We will collect all `td` elements that have the class `orderbookName`. The name of the stock is as a textual content of the element. In this case, we can access it simply by the `.text` member. In a more complicated case, we might have to issue, e.g., `cell.find_all(text=True)`.

The text contains a lot of whitespace around it, so it makes sense to `strip` that whitespace away.

In [None]:
# Initialize an Empty List
names = list()    #This line creates an empty list named "names"

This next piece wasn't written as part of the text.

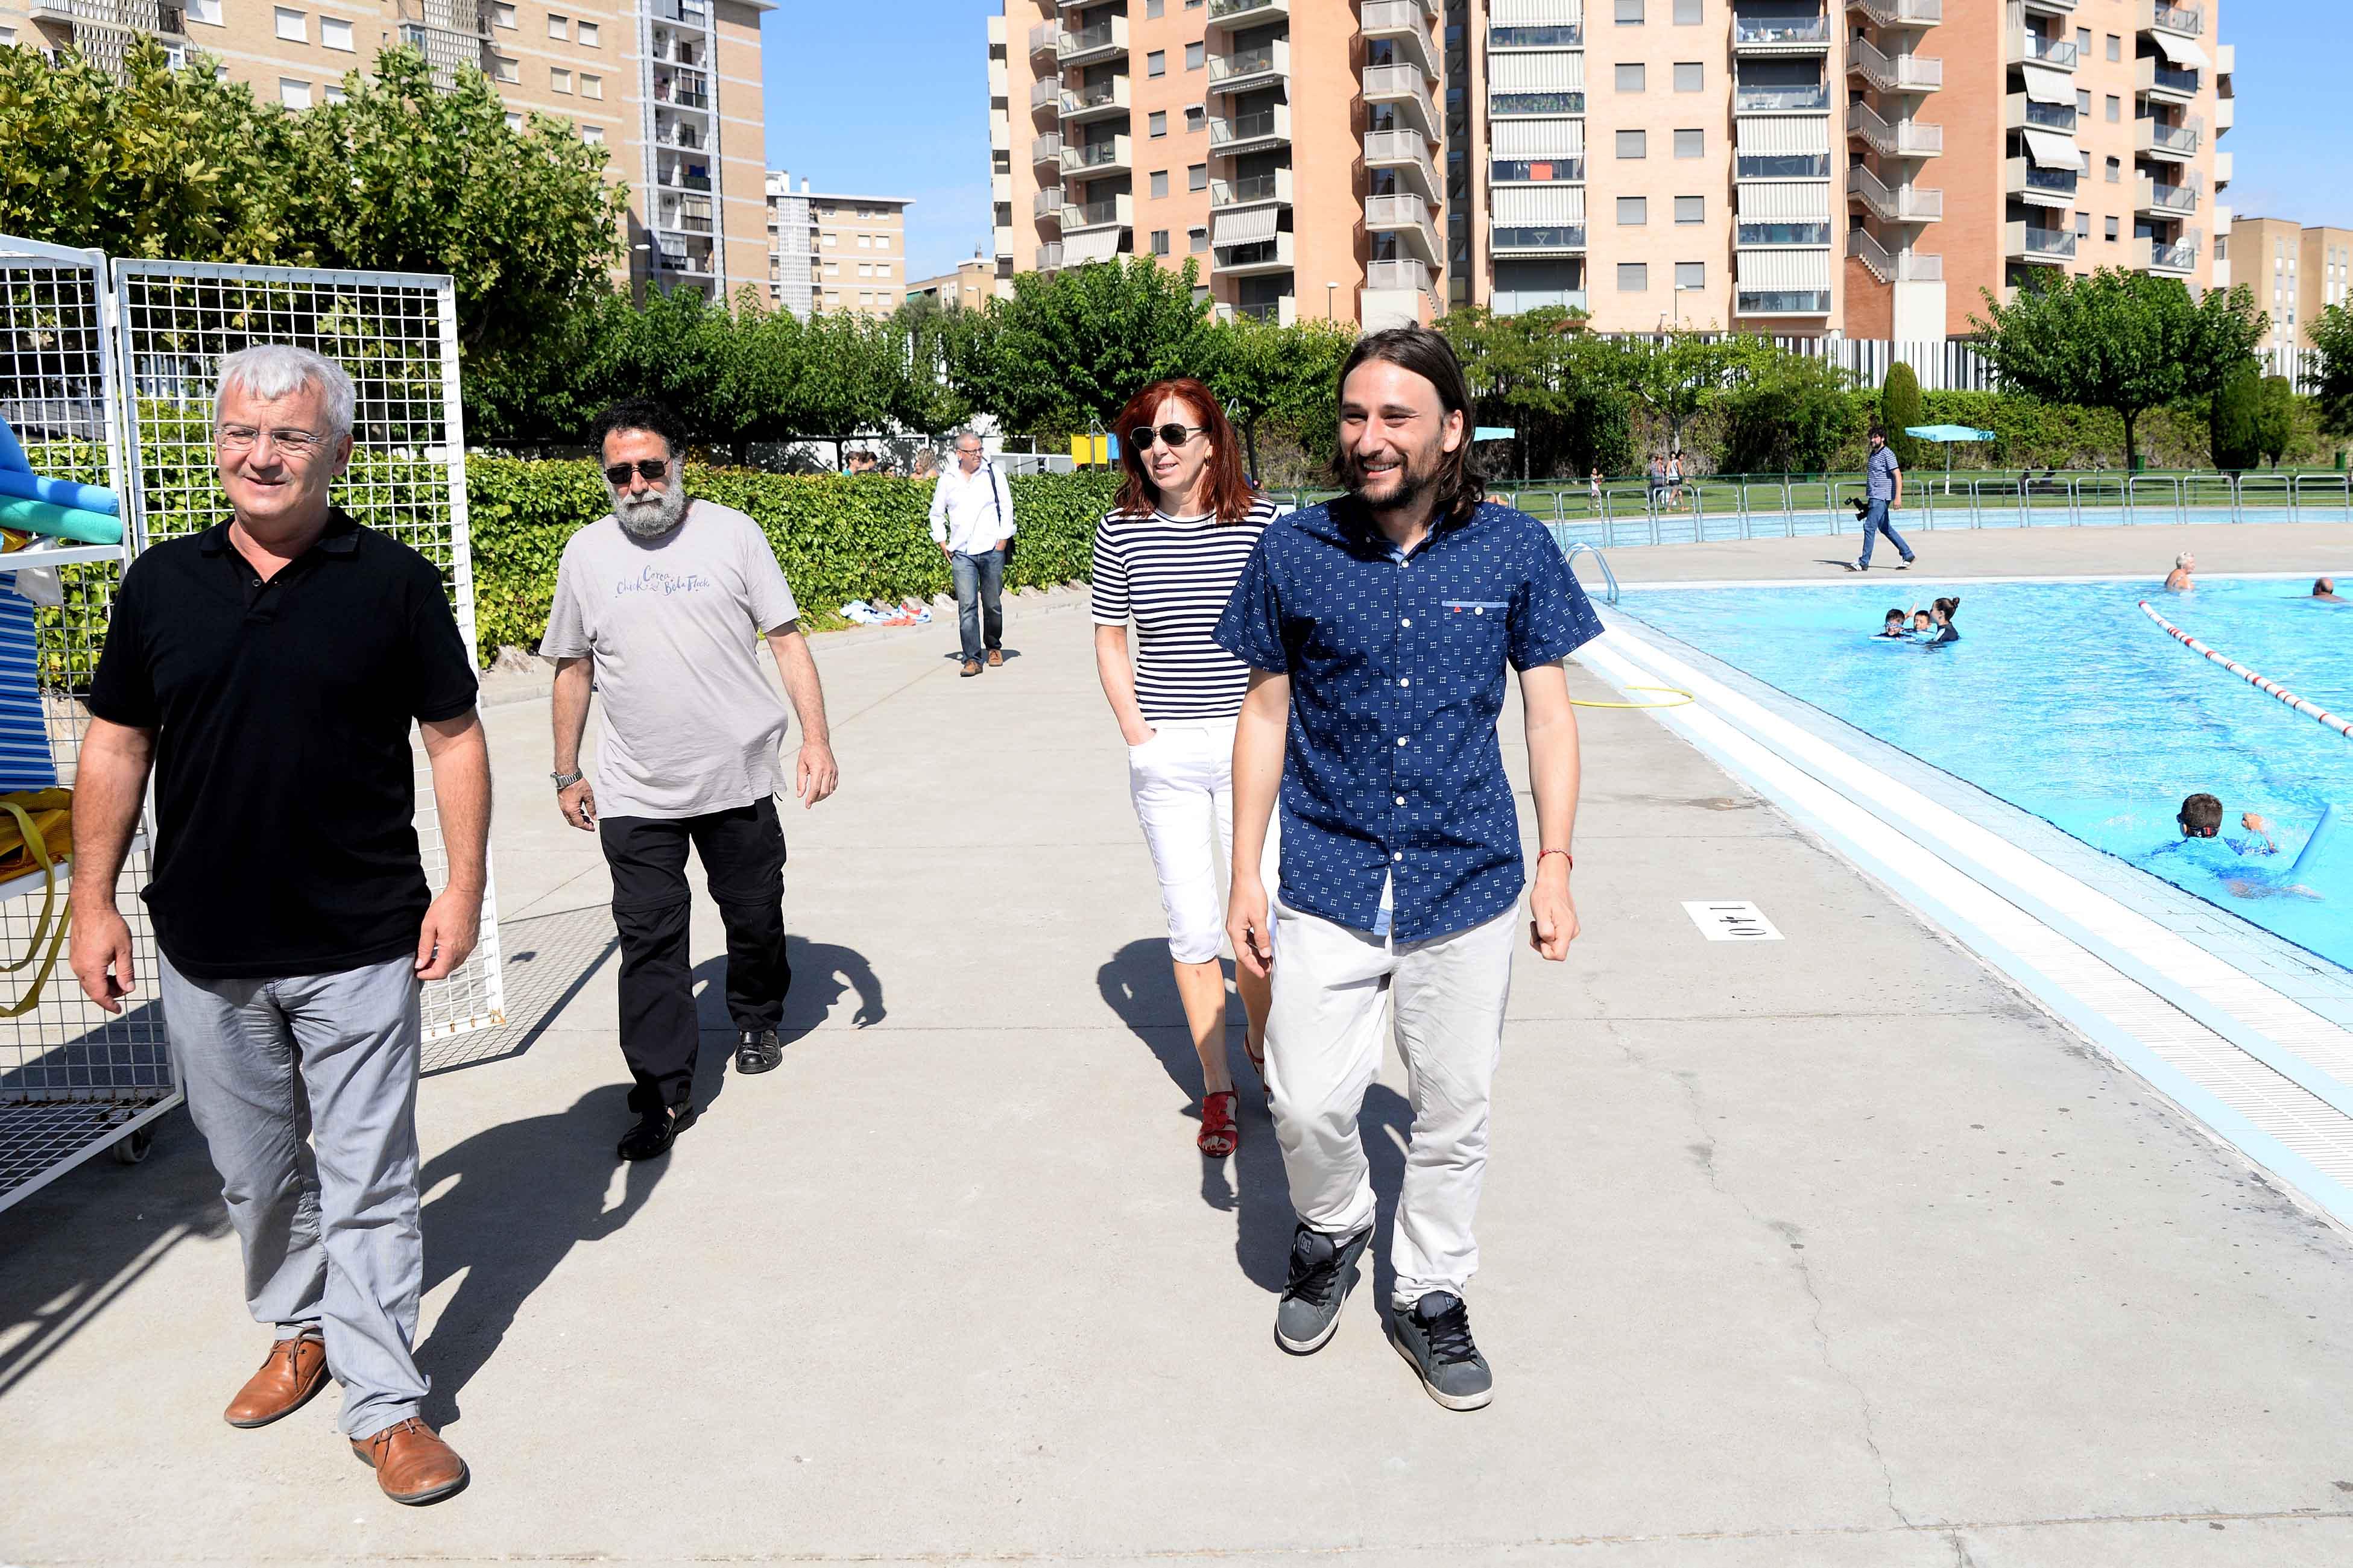 Ayuntamiento de zaragoza noticias los usos de las piscinas municipales de zaragoza aumentan un - Piscinas municipales zaragoza ...
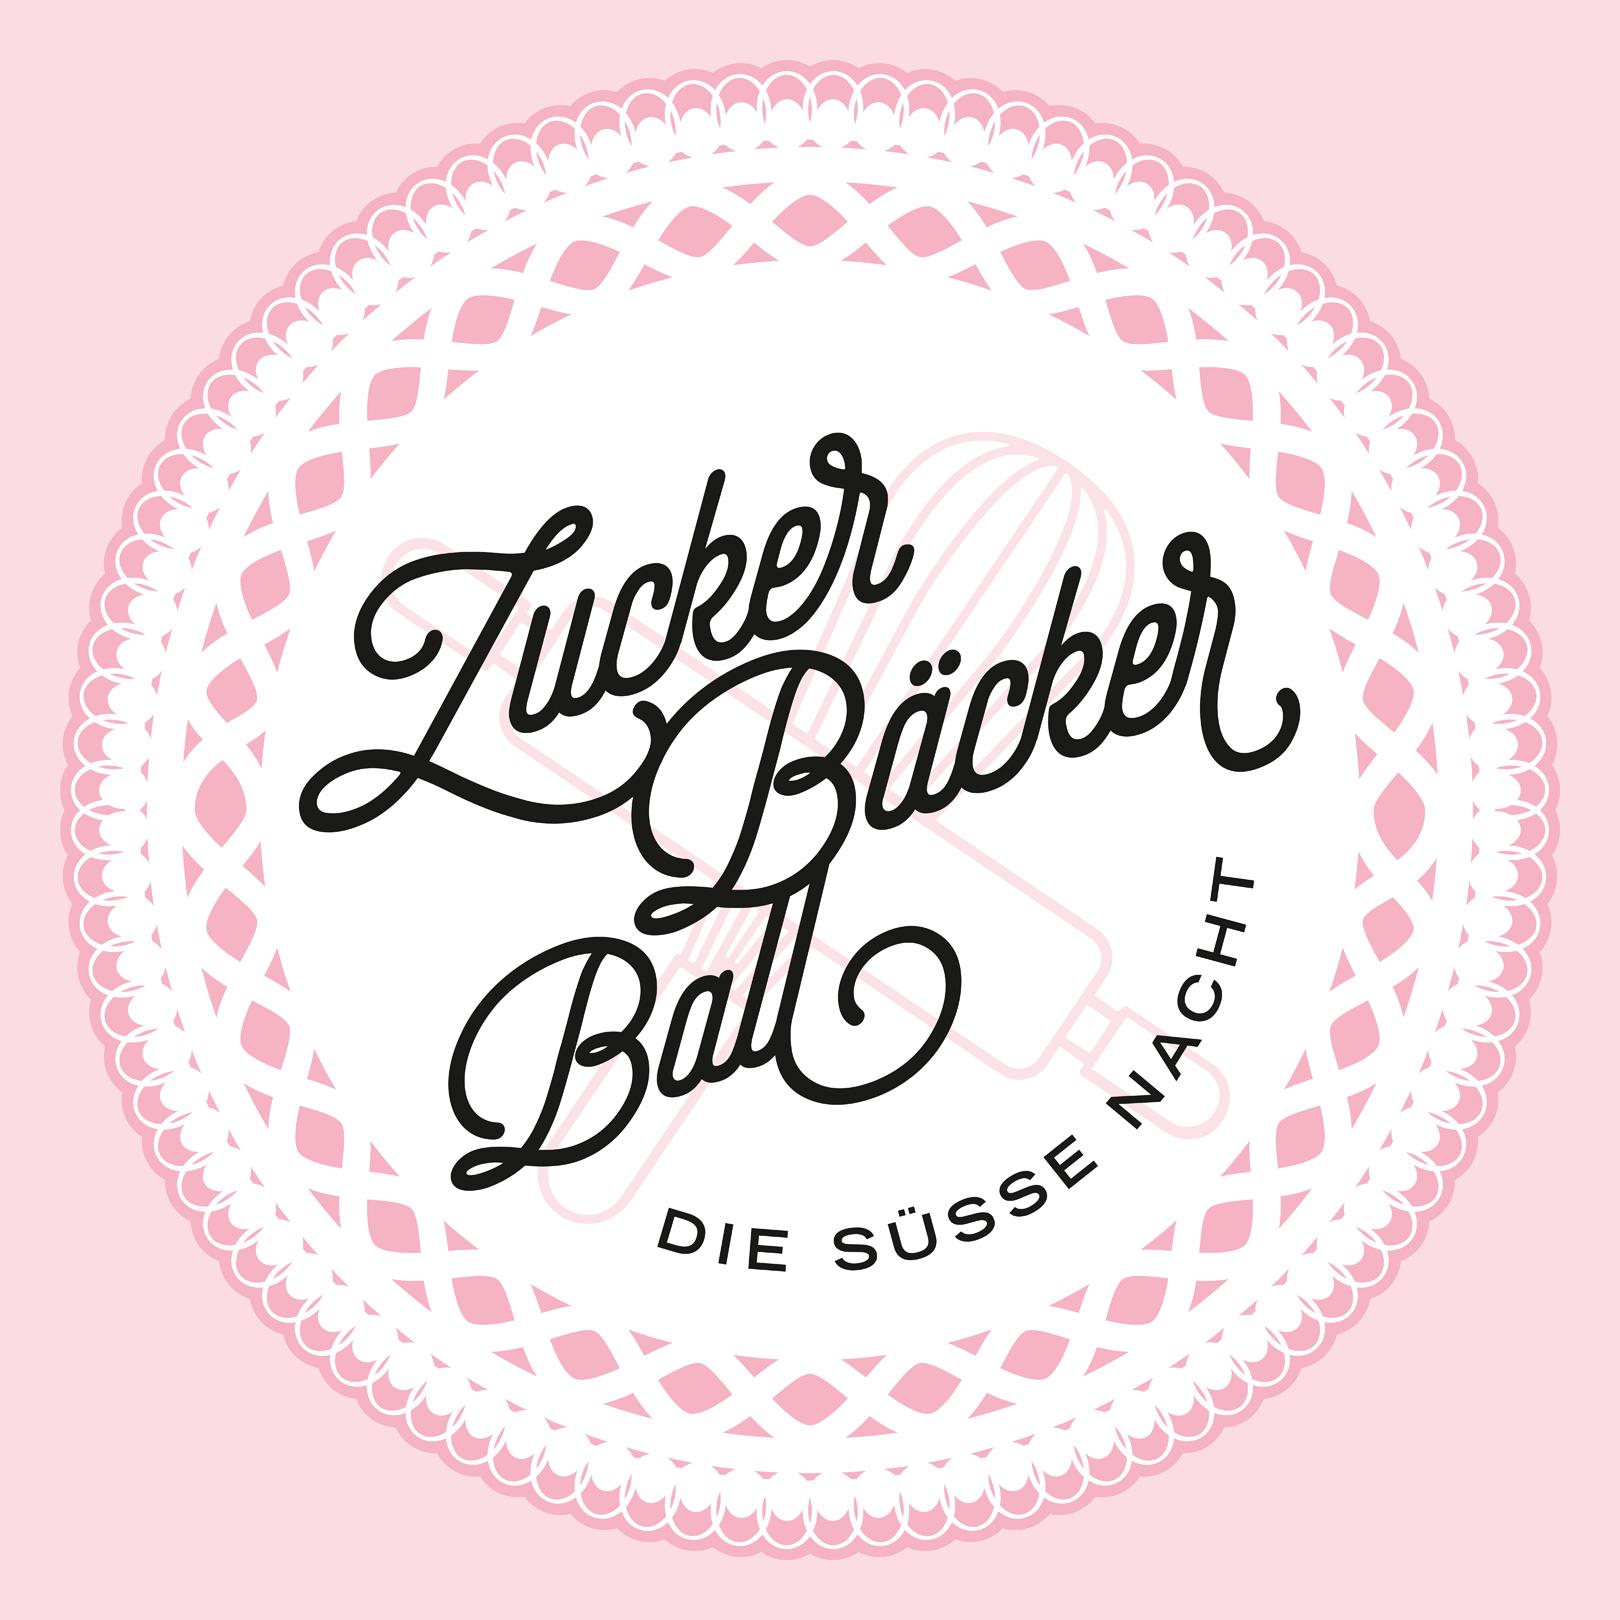 ZuckerBaeckerball_Logo_rosa_klein.jpg

#Find All Matching Elements #find_all method returns a list of all matching elements
for cell in soup.find_all('td',class_='orderbookName'): #This line searches through the parsed HTML document (soup) for all <td> elements that have the class orderbookName.
    names.append(cell.text.strip()) #Extract and Clean Text #text: textual content; strip: whitespace away
names

In [None]:
len(names) #Length of names

In a snapshot, AstraZeneca would have the following numbers:

|Senast |+/-%|1 år %|Börsvärde MSEK|P/E-tal|Direktavk. %|Ägare |Lista
|-------|----|------|--------------|-------|------------|------|-----
|1423,00|0   |-3,98 |2 202 059     |34,05  |2,13        |62 653|Large Cap Stockholm

Here *Senast* is the latest quote of the share value, +/-% daily change in value, *1 år %* percentual change over the year, *Börsvärde MSEK* market value of the company in millions of kronor, *P/E-tal* the P/E value of the company, *Direktavkastning* is the dividend yield, *Ägare* the numer of owners, and *List* which list the stock is listed under in Stockholm stock exchange.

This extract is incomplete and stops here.